SAX circuit simulator#
SAX is a circuit solver written in JAX, writing your component models in SAX enables you not only to get the function values but the gradients, this is useful for circuit optimization.
This tutorial has been adapted from the SAX Quick Start.
You can install sax with pip (read the SAX install instructions here)

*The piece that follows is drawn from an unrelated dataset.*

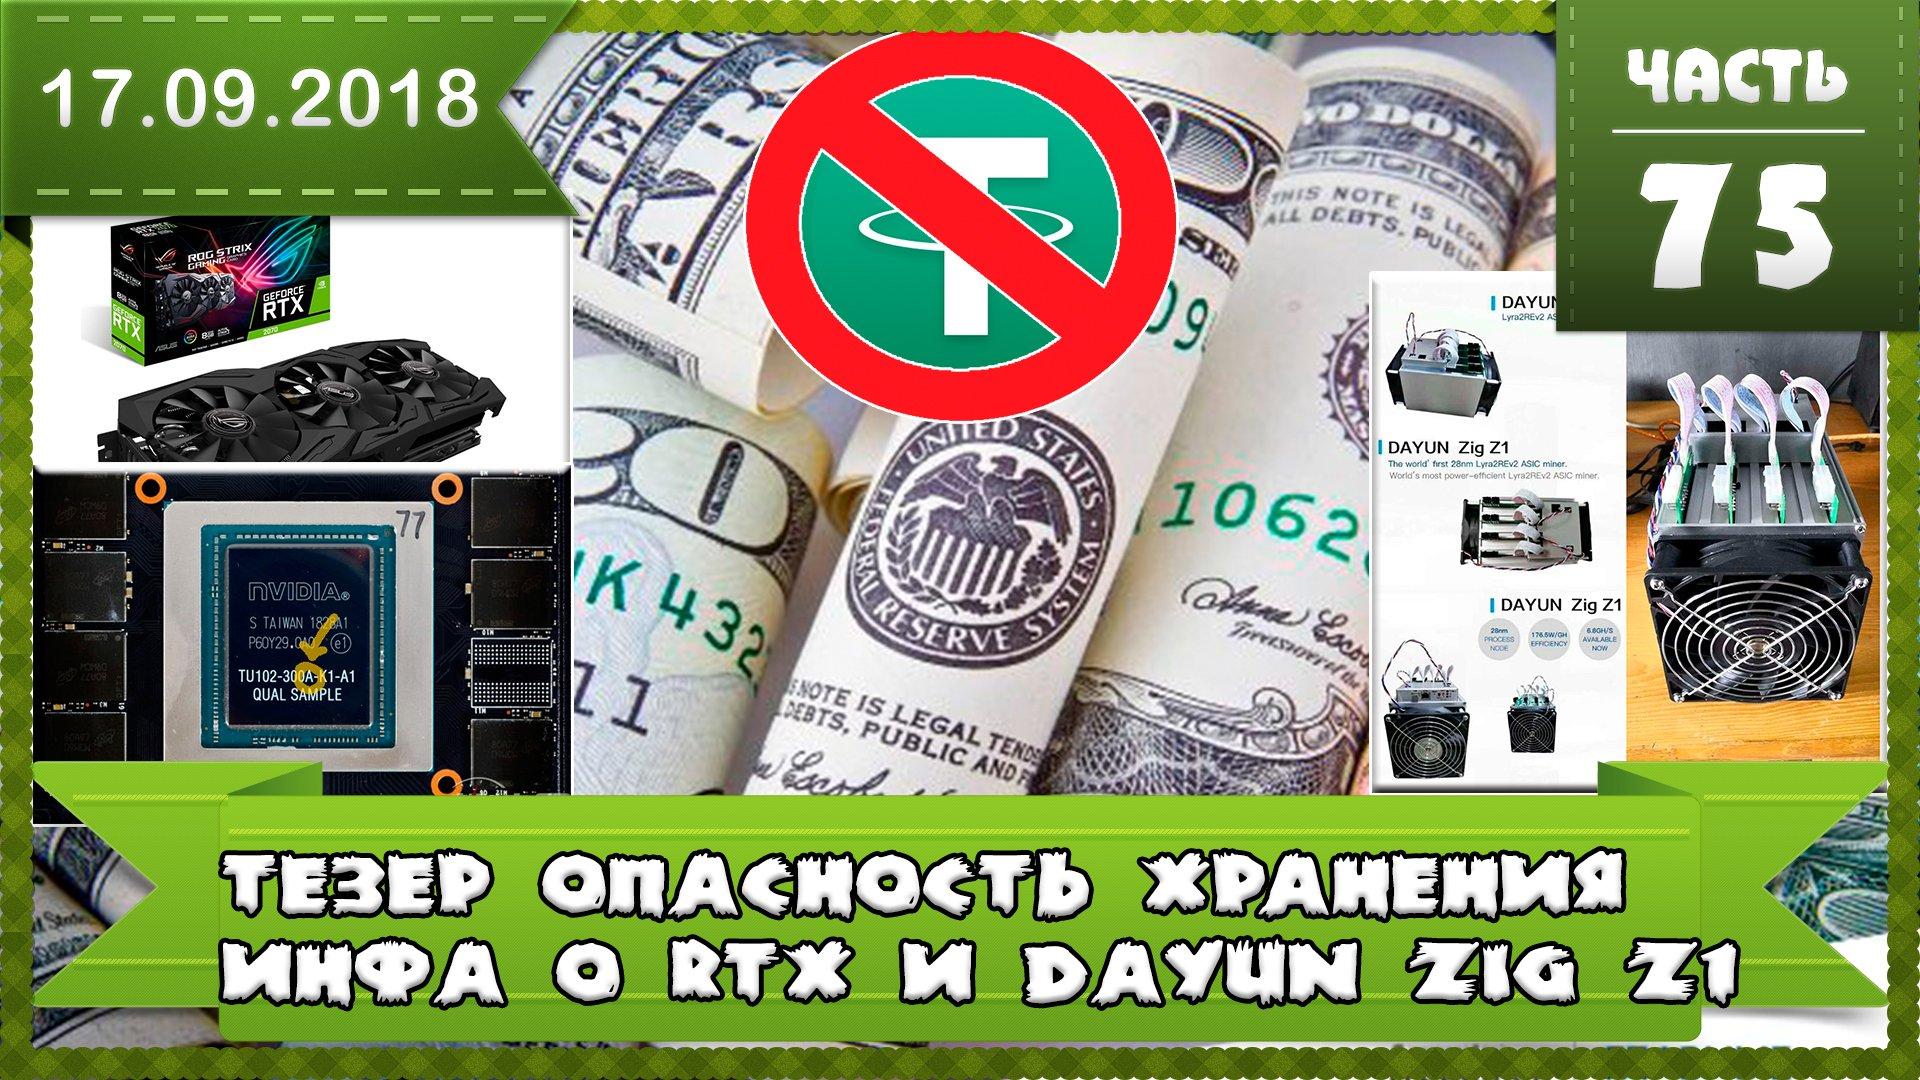 Немного о асик DAYUN Zig Z1 и видеокартах RTX 20 серии АнтиТезер очередные отказы от Tether (USDT)

pip install 'gplugins[sax]'
from functools import partial
from pprint import pprint
import gdsfactory as gf
import gplugins.sax as gs
import gplugins.tidy3d as gt
import jax.numpy as jnp
import matplotlib.pyplot as plt
import numpy as np
import sax
Scatter dictionaries#
The core datastructure for specifying scatter parameters in SAX is a dictionary… more specifically a dictionary which maps a port combination (2-tuple) to a scatter parameter (or an array of scatter parameters when considering multiple wavelengths for example). Such a specific dictionary mapping is called ann SDict in SAX (SDict ≈ Dict[Tuple[str,str], float]).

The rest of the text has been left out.